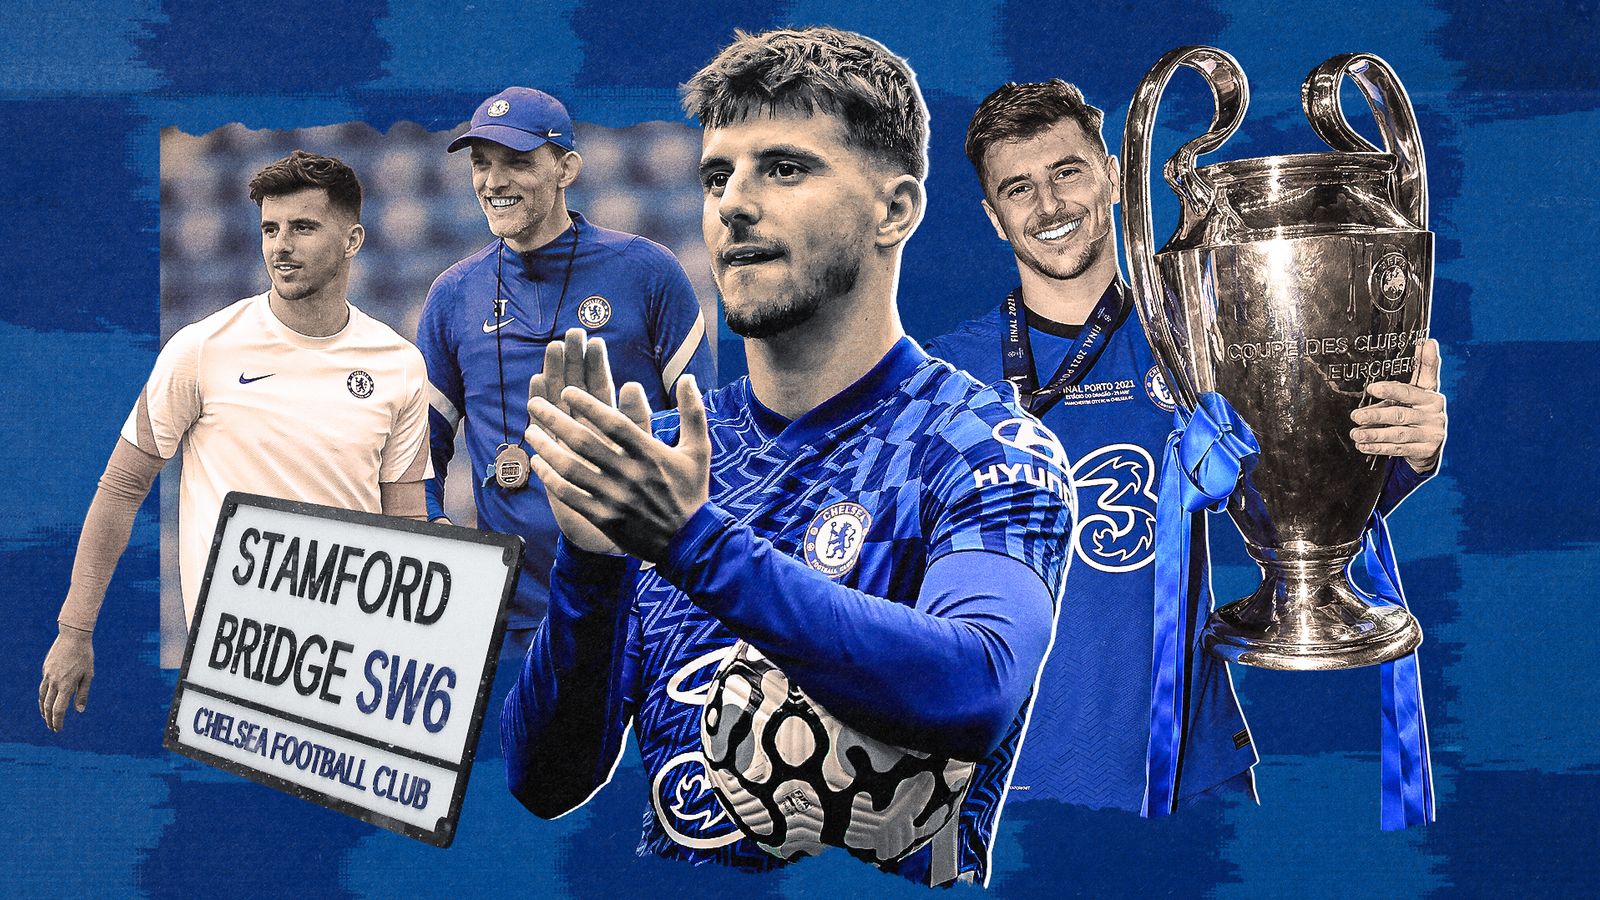 Mason Mount interview: Improvement in new role under Thomas Tuchel at Chelsea, plus tattoos, teeth and targets
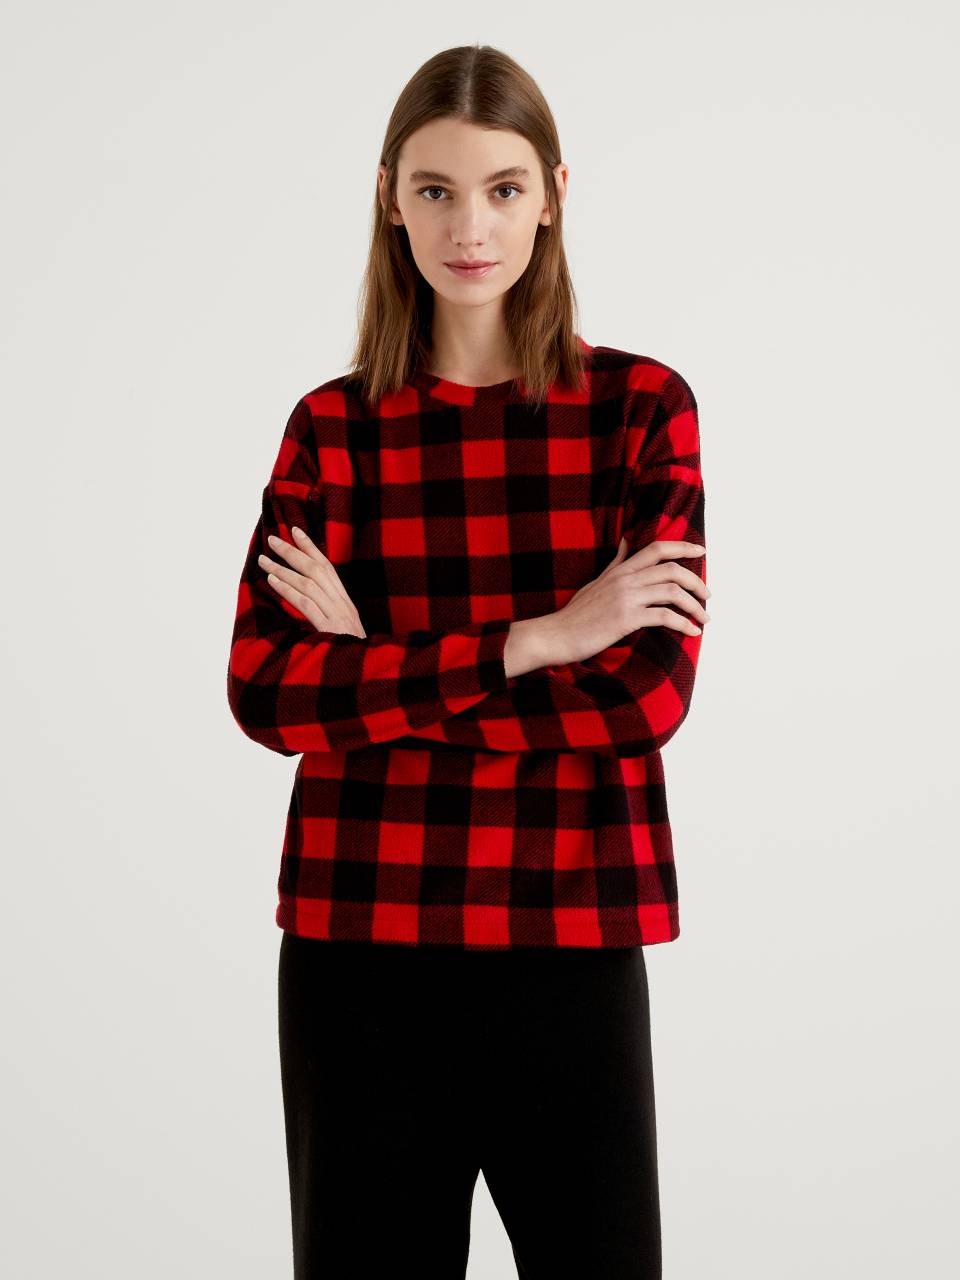 Benetton Sweater in check pattern. 1
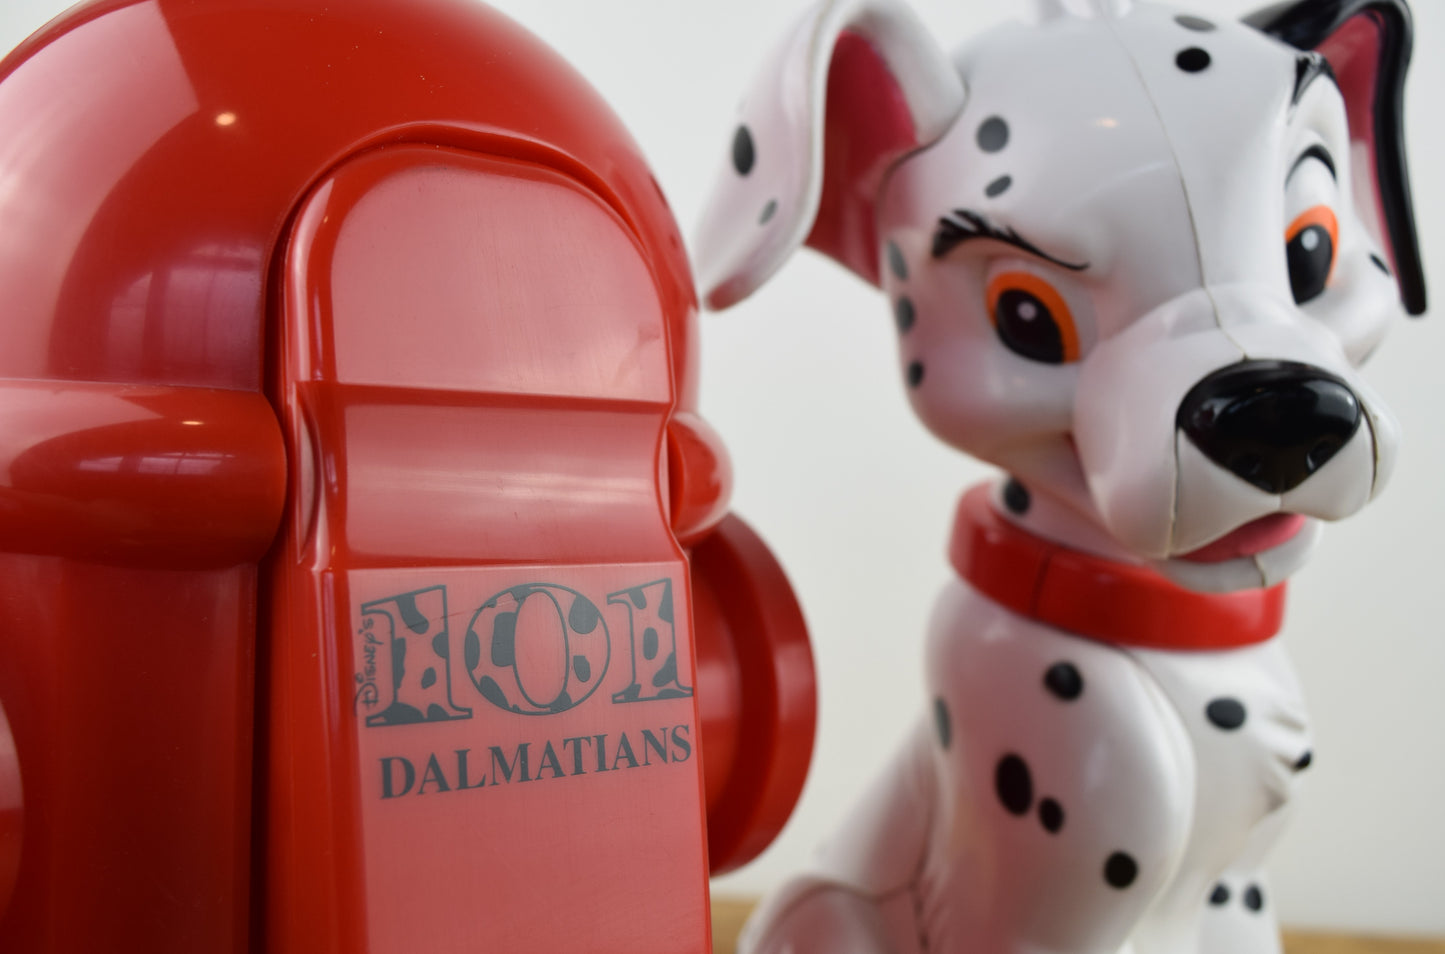 101 Dalmations Telephone with Fire Hydrant
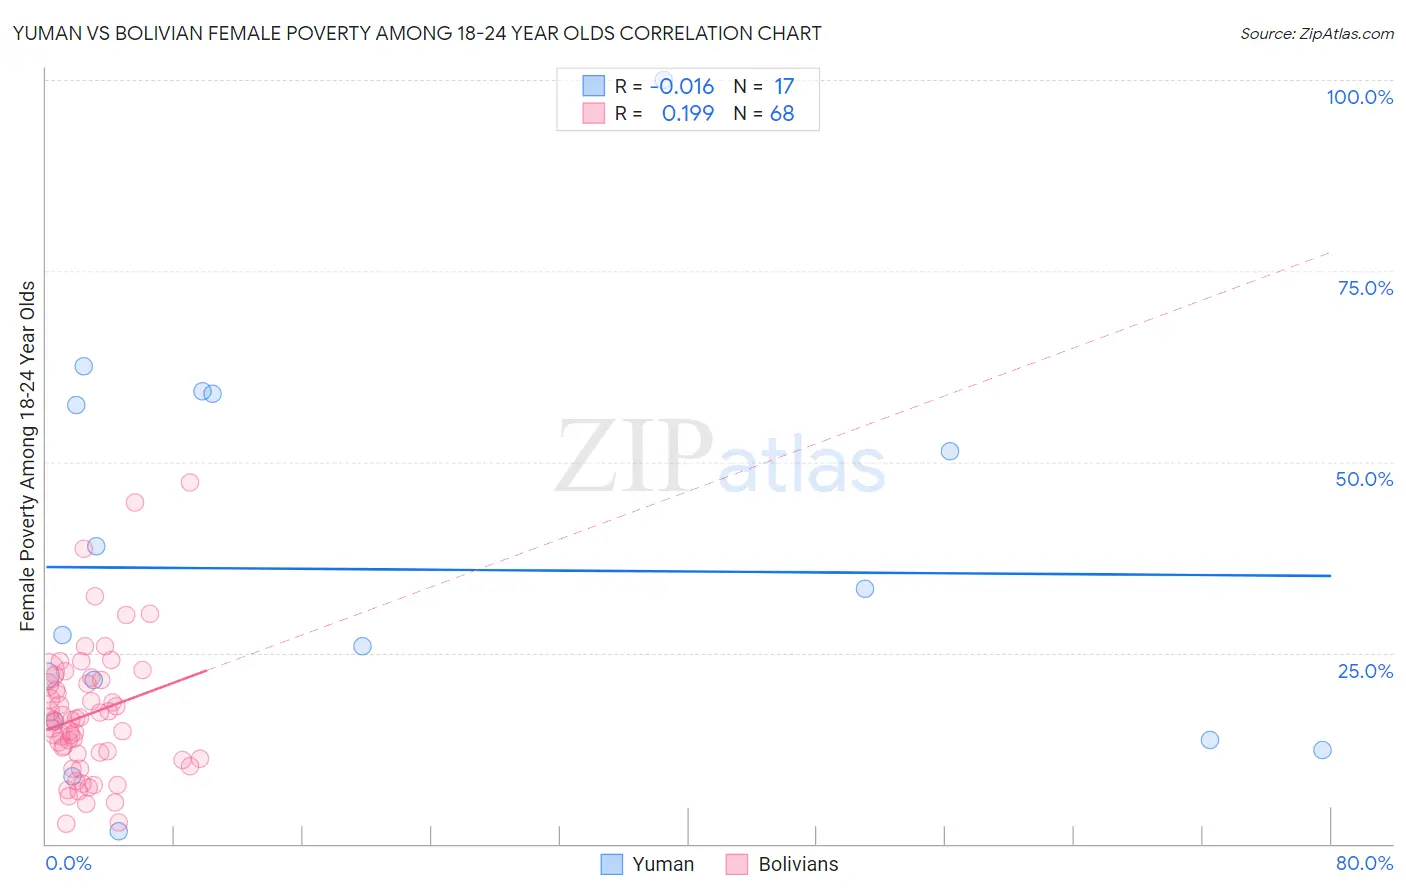 Yuman vs Bolivian Female Poverty Among 18-24 Year Olds
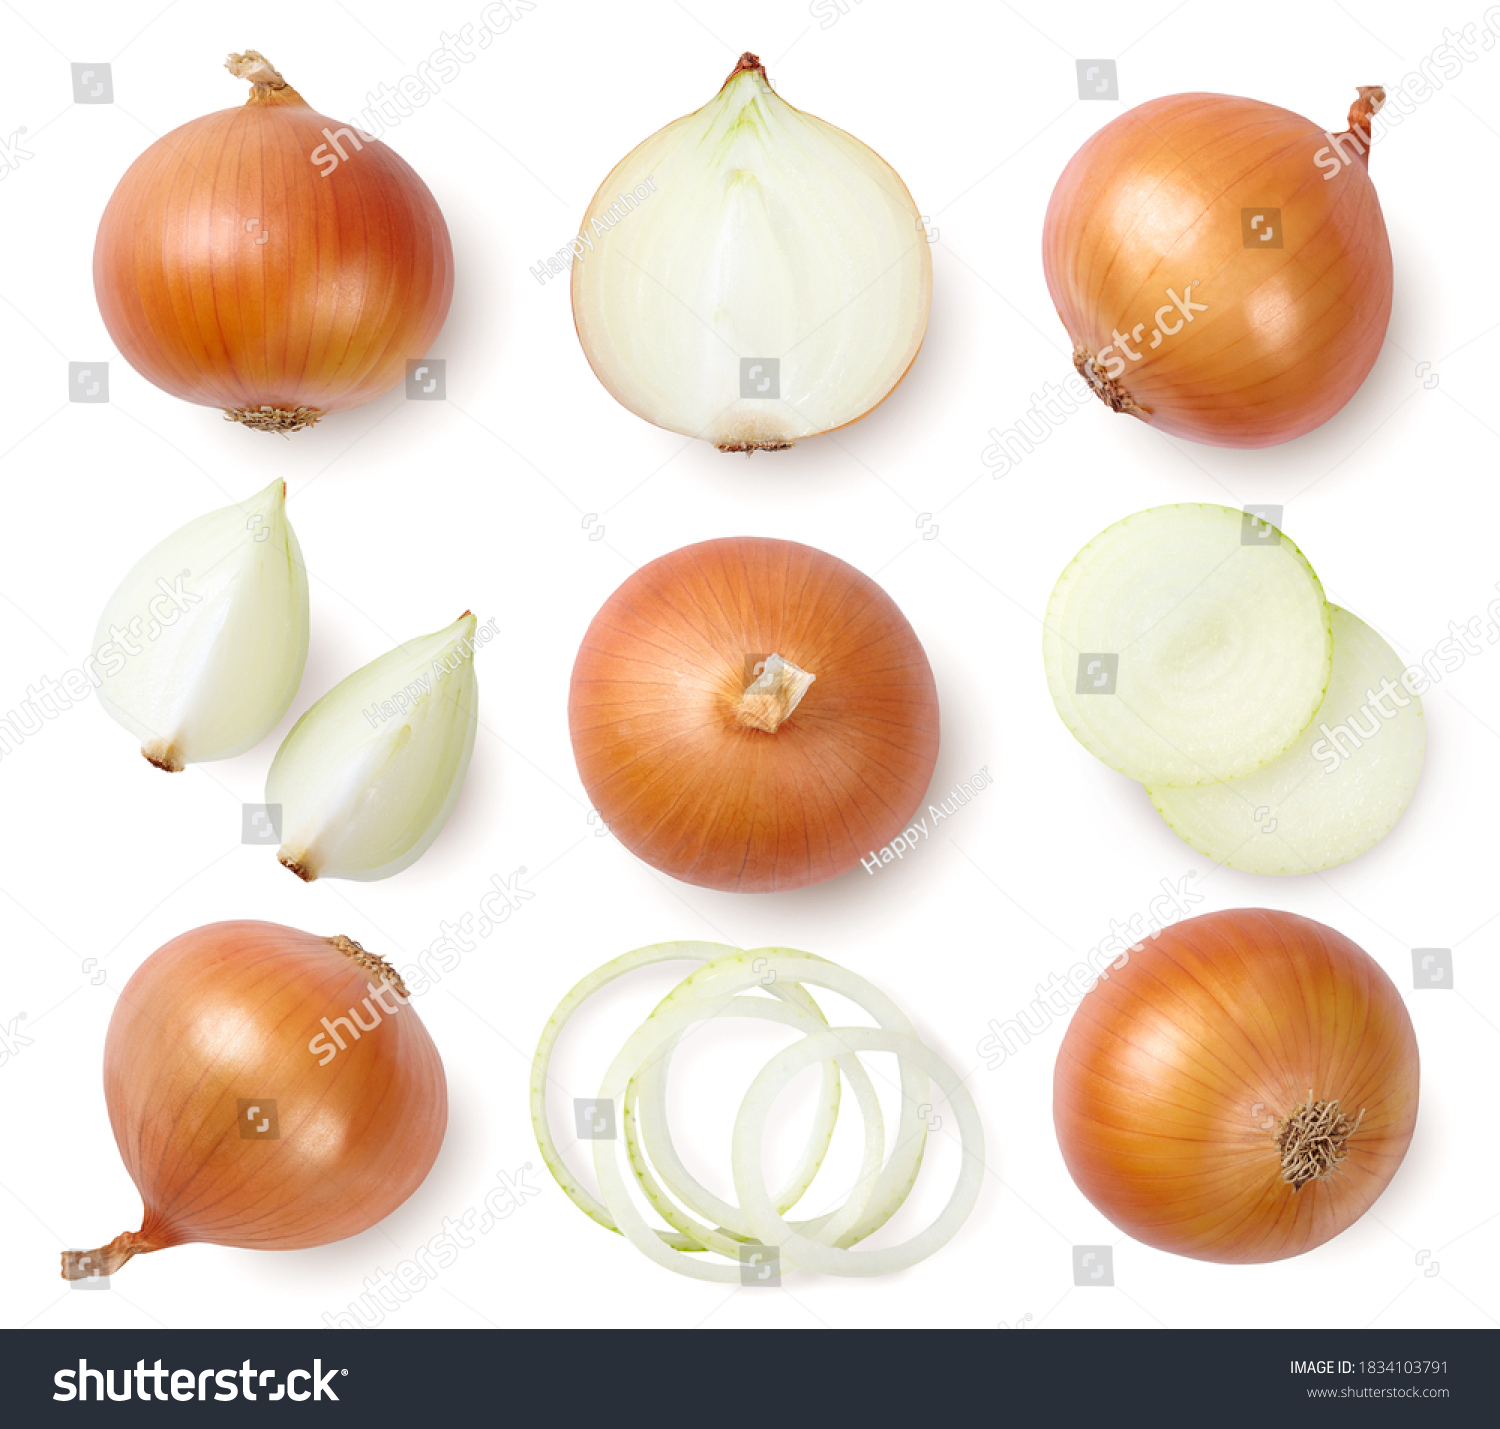 Whole and sliced onion bulbs isolated on white background. Top view. #1834103791
===============
■ Work to complete
The copy must reproduce the listing above verbatim and contain no pictures.

■ Solution to this task
 Mason Mount interview: Improvement in new role under Thomas Tuchel at Chelsea, plus tattoos, teeth and targets
 Benetton Sweater in check pattern. 1
 101 Dalmations Telephone with Fire Hydrant
 Yuman vs Bolivian Female Poverty Among 18-24 Year Olds
 Whole and sliced onion bulbs isolated on white background. Top view. #1834103791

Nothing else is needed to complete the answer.